## Problem details
Below are some records; return each one exactly.
(Data excerpts)
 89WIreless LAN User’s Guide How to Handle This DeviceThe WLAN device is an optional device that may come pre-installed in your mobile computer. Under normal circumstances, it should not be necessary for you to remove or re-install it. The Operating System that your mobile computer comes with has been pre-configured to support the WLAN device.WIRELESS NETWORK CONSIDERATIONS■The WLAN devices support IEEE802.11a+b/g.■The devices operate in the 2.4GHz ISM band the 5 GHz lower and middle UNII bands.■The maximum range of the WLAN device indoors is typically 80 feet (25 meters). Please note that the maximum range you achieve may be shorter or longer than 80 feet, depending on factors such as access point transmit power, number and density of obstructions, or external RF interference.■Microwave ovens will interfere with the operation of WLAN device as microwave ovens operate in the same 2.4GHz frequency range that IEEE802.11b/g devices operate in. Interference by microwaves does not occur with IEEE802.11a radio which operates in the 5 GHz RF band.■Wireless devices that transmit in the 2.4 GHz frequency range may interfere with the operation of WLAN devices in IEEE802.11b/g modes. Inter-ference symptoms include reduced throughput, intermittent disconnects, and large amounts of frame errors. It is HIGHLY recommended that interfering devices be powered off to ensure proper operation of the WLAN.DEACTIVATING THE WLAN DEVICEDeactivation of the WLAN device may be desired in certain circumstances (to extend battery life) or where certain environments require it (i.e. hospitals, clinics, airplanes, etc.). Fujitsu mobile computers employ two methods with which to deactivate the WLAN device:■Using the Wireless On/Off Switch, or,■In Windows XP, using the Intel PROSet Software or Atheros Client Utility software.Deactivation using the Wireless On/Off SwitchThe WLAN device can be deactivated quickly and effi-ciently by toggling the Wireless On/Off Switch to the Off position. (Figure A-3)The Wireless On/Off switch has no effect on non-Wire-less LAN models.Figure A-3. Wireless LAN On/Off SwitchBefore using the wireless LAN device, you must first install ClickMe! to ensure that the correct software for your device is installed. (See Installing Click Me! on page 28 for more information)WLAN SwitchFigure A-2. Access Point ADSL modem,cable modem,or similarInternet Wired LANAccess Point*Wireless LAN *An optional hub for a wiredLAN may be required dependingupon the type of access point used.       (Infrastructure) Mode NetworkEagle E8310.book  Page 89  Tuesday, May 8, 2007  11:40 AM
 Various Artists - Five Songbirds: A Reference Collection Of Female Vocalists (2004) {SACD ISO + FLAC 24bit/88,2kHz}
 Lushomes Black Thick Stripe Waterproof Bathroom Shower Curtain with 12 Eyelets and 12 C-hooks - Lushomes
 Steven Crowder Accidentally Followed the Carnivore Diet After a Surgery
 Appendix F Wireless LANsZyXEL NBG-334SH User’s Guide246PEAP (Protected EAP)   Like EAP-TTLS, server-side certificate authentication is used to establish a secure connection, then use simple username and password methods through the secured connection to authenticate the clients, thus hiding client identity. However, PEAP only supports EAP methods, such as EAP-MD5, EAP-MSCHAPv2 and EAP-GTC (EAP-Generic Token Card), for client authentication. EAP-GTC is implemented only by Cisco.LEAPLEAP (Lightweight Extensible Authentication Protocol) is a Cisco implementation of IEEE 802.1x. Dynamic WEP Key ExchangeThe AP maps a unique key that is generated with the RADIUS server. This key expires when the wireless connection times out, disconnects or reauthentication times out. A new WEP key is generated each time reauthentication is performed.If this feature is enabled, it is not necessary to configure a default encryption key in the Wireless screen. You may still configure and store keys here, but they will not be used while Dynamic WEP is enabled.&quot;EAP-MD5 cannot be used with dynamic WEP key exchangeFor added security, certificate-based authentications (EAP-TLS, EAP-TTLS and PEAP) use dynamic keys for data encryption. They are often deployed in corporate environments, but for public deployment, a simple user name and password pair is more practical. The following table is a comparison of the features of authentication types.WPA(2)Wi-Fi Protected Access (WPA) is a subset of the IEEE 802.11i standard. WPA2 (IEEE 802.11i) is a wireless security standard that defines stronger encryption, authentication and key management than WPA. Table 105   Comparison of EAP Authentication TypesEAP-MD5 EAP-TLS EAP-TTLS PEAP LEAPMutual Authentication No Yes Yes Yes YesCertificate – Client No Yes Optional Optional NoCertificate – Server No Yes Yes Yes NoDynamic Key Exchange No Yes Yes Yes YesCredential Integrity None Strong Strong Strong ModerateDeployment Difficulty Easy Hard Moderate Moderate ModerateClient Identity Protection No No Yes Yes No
(End Data excerpts)
## Solved problem
 89WIreless LAN User’s Guide How to Handle This DeviceThe WLAN device is an optional device that may come pre-installed in your mobile computer. Under normal circumstances, it should not be necessary for you to remove or re-install it. The Operating System that your mobile computer comes with has been pre-configured to support the WLAN device.WIRELESS NETWORK CONSIDERATIONS■The WLAN devices support IEEE802.11a+b/g.■The devices operate in the 2.4GHz ISM band the 5 GHz lower and middle UNII bands.■The maximum range of the WLAN device indoors is typically 80 feet (25 meters). Please note that the maximum range you achieve may be shorter or longer than 80 feet, depending on factors such as access point transmit power, number and density of obstructions, or external RF interference.■Microwave ovens will interfere with the operation of WLAN device as microwave ovens operate in the same 2.4GHz frequency range that IEEE802.11b/g devices operate in. Interference by microwaves does not occur with IEEE802.11a radio which operates in the 5 GHz RF band.■Wireless devices that transmit in the 2.4 GHz frequency range may interfere with the operation of WLAN devices in IEEE802.11b/g modes. Inter-ference symptoms include reduced throughput, intermittent disconnects, and large amounts of frame errors. It is HIGHLY recommended that interfering devices be powered off to ensure proper operation of the WLAN.DEACTIVATING THE WLAN DEVICEDeactivation of the WLAN device may be desired in certain circumstances (to extend battery life) or where certain environments require it (i.e. hospitals, clinics, airplanes, etc.). Fujitsu mobile computers employ two methods with which to deactivate the WLAN device:■Using the Wireless On/Off Switch, or,■In Windows XP, using the Intel PROSet Software or Atheros Client Utility software.Deactivation using the Wireless On/Off SwitchThe WLAN device can be deactivated quickly and effi-ciently by toggling the Wireless On/Off Switch to the Off position. (Figure A-3)The Wireless On/Off switch has no effect on non-Wire-less LAN models.Figure A-3. Wireless LAN On/Off SwitchBefore using the wireless LAN device, you must first install ClickMe! to ensure that the correct software for your device is installed. (See Installing Click Me! on page 28 for more information)WLAN SwitchFigure A-2. Access Point ADSL modem,cable modem,or similarInternet Wired LANAccess Point*Wireless LAN *An optional hub for a wiredLAN may be required dependingupon the type of access point used.       (Infrastructure) Mode NetworkEagle E8310.book  Page 89  Tuesday, May 8, 2007  11:40 AM
 Various Artists - Five Songbirds: A Reference Collection Of Female Vocalists (2004) {SACD ISO + FLAC 24bit/88,2kHz}
 Lushomes Black Thick Stripe Waterproof Bathroom Shower Curtain with 12 Eyelets and 12 C-hooks - Lushomes
 Steven Crowder Accidentally Followed the Carnivore Diet After a Surgery
 Appendix F Wireless LANsZyXEL NBG-334SH User’s Guide246PEAP (Protected EAP)   Like EAP-TTLS, server-side certificate authentication is used to establish a secure connection, then use simple username and password methods through the secured connection to authenticate the clients, thus hiding client identity. However, PEAP only supports EAP methods, such as EAP-MD5, EAP-MSCHAPv2 and EAP-GTC (EAP-Generic Token Card), for client authentication. EAP-GTC is implemented only by Cisco.LEAPLEAP (Lightweight Extensible Authentication Protocol) is a Cisco implementation of IEEE 802.1x. Dynamic WEP Key ExchangeThe AP maps a unique key that is generated with the RADIUS server. This key expires when the wireless connection times out, disconnects or reauthentication times out. A new WEP key is generated each time reauthentication is performed.If this feature is enabled, it is not necessary to configure a default encryption key in the Wireless screen. You may still configure and store keys here, but they will not be used while Dynamic WEP is enabled.&quot;EAP-MD5 cannot be used with dynamic WEP key exchangeFor added security, certificate-based authentications (EAP-TLS, EAP-TTLS and PEAP) use dynamic keys for data encryption. They are often deployed in corporate environments, but for public deployment, a simple user name and password pair is more practical. The following table is a comparison of the features of authentication types.WPA(2)Wi-Fi Protected Access (WPA) is a subset of the IEEE 802.11i standard. WPA2 (IEEE 802.11i) is a wireless security standard that defines stronger encryption, authentication and key management than WPA. Table 105   Comparison of EAP Authentication TypesEAP-MD5 EAP-TLS EAP-TTLS PEAP LEAPMutual Authentication No Yes Yes Yes YesCertificate – Client No Yes Optional Optional NoCertificate – Server No Yes Yes Yes NoDynamic Key Exchange No Yes Yes Yes YesCredential Integrity None Strong Strong Strong ModerateDeployment Difficulty Easy Hard Moderate Moderate ModerateClient Identity Protection No No Yes Yes No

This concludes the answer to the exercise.